▶ [PROMPT]: Going line by line through the records below, write out everything starting with the line containing "Dodge Logo PNG File" and going on through the line containing "高額品送料無料 【純正品】BROTHER ブラザー", exactly and inclusively. Pictures do not go in.
*** THE INPUT Section Begins ***
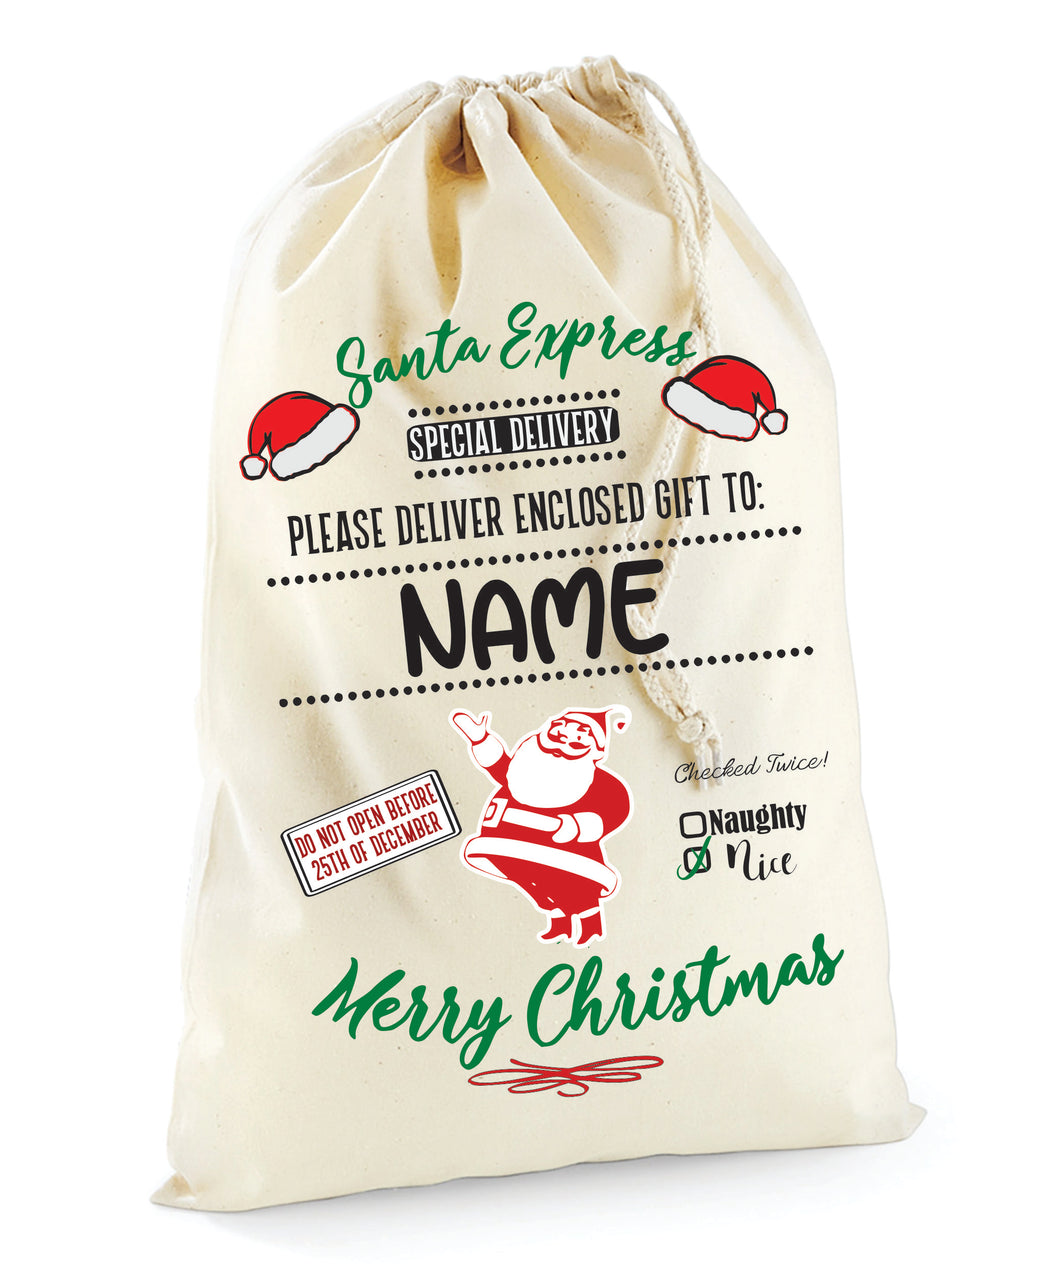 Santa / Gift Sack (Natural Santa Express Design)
*** THE INPUT Section Ends ***
*** THE INPUT Section Begins ***
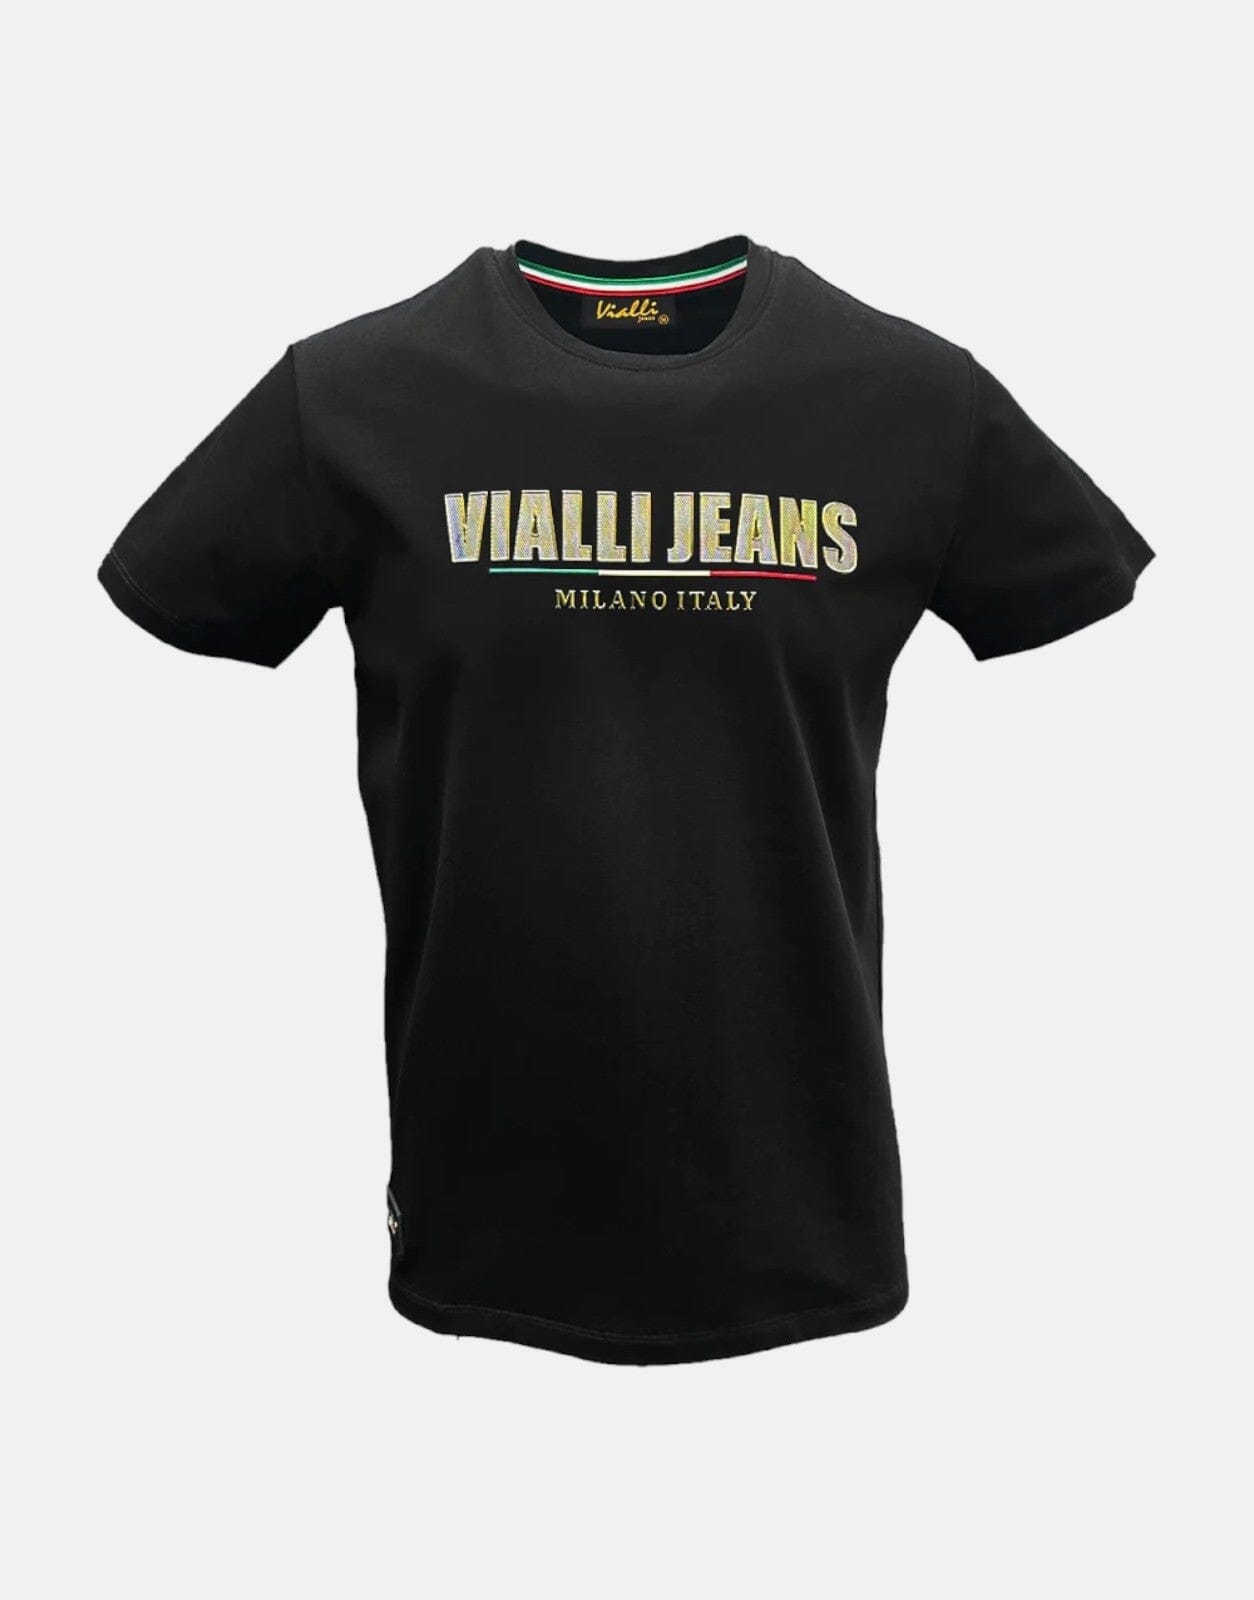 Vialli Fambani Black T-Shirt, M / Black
*** THE INPUT Section Ends ***
*** THE INPUT Section Begins ***
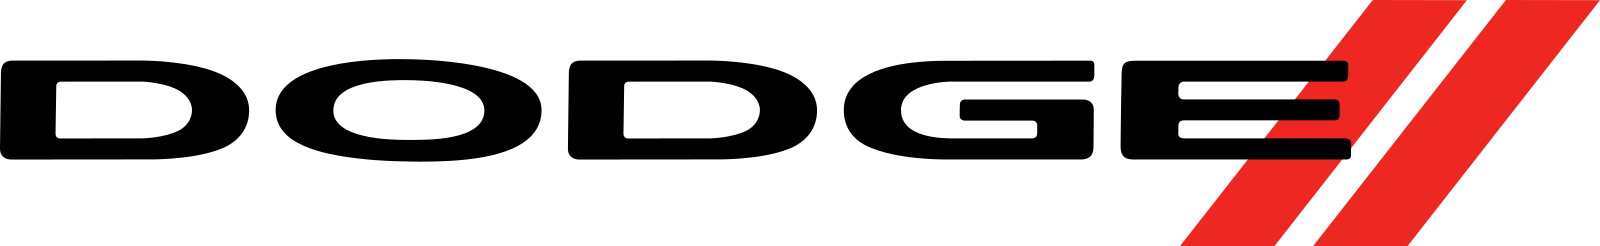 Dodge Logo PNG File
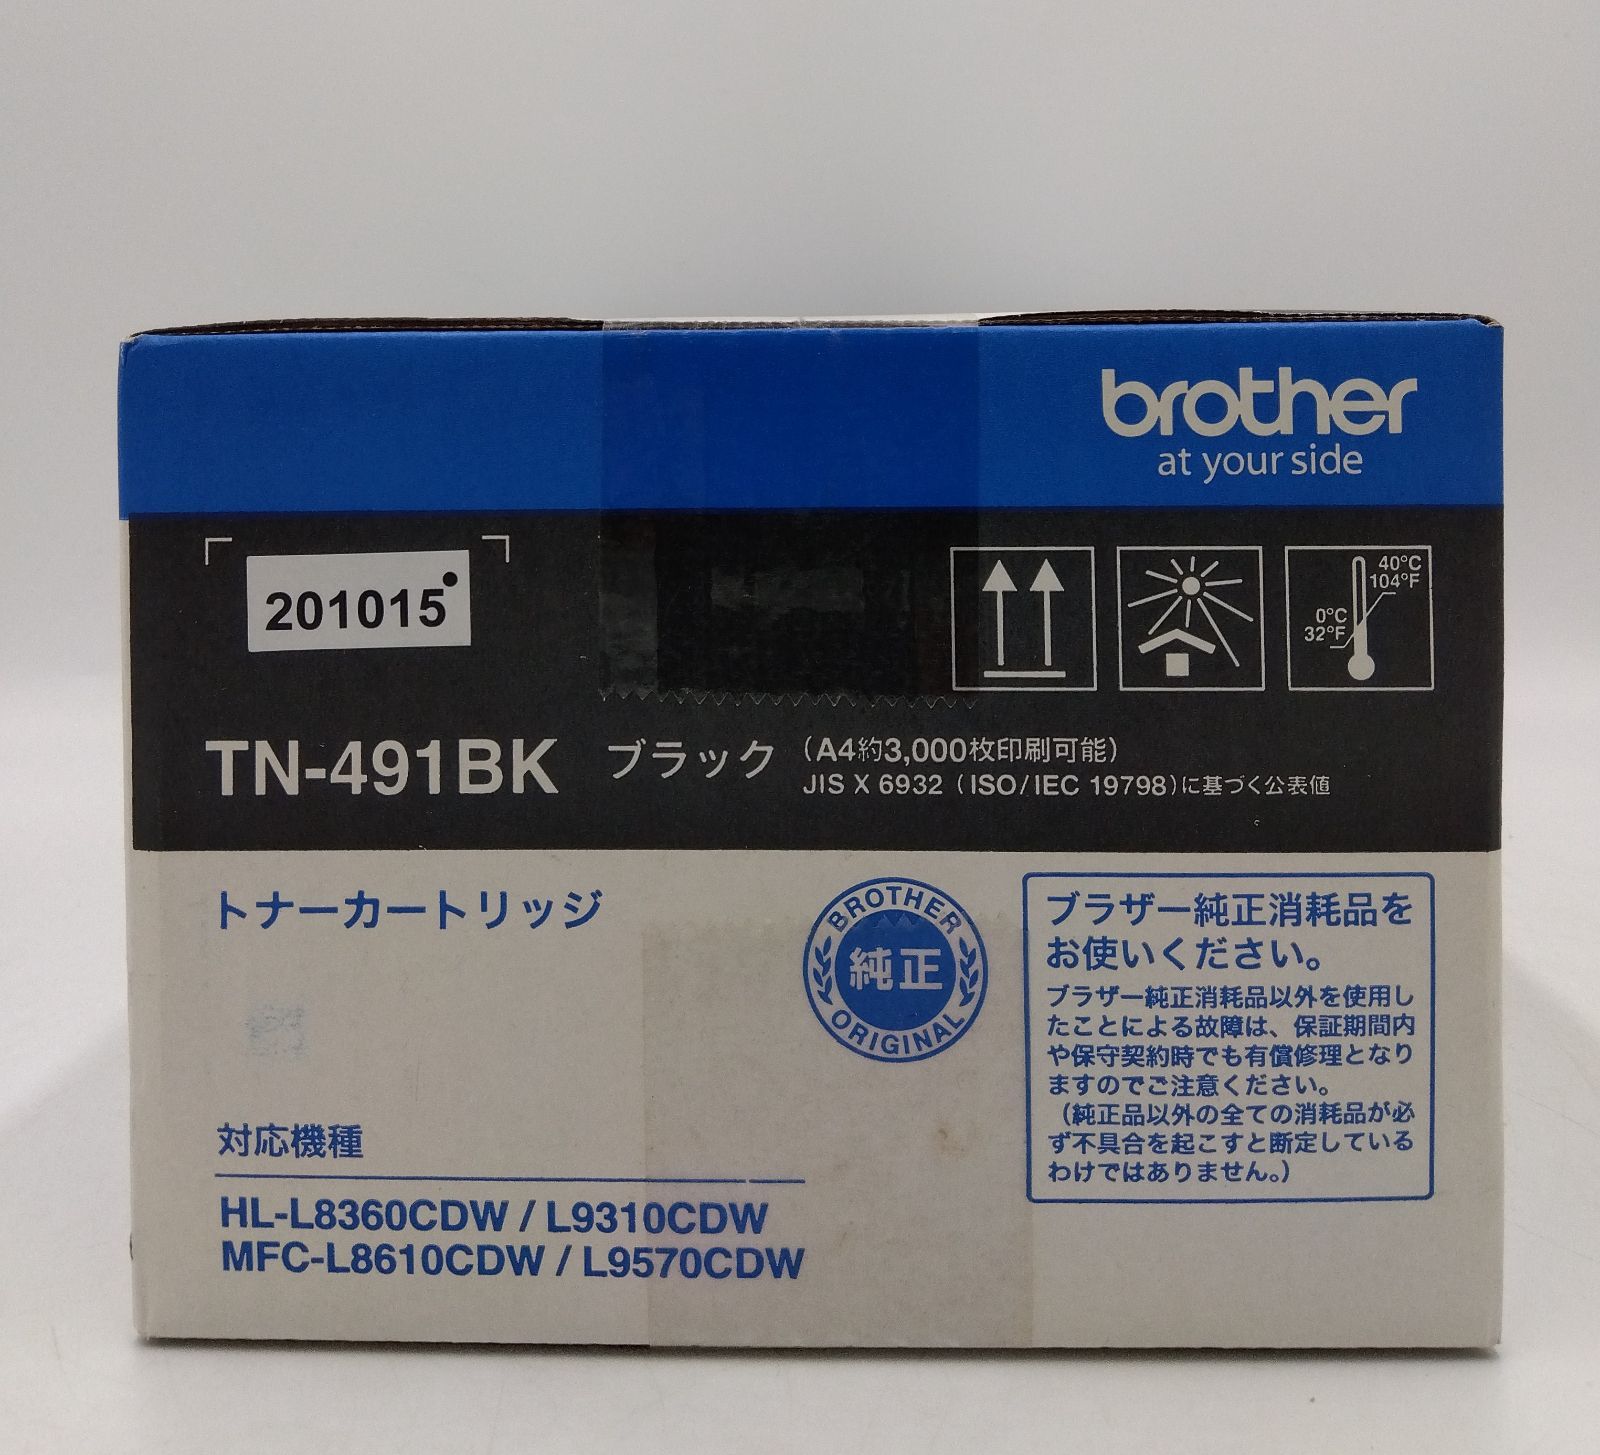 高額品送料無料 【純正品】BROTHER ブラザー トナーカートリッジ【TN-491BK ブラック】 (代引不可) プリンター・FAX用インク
*** THE INPUT Section Ends ***
▶ [ANSWER TO THE PROBLEM]:
 Dodge Logo PNG File
 高額品送料無料 【純正品】BROTHER ブラザー トナーカートリッジ【TN-491BK ブラック】 (代引不可) プリンター・FAX用インク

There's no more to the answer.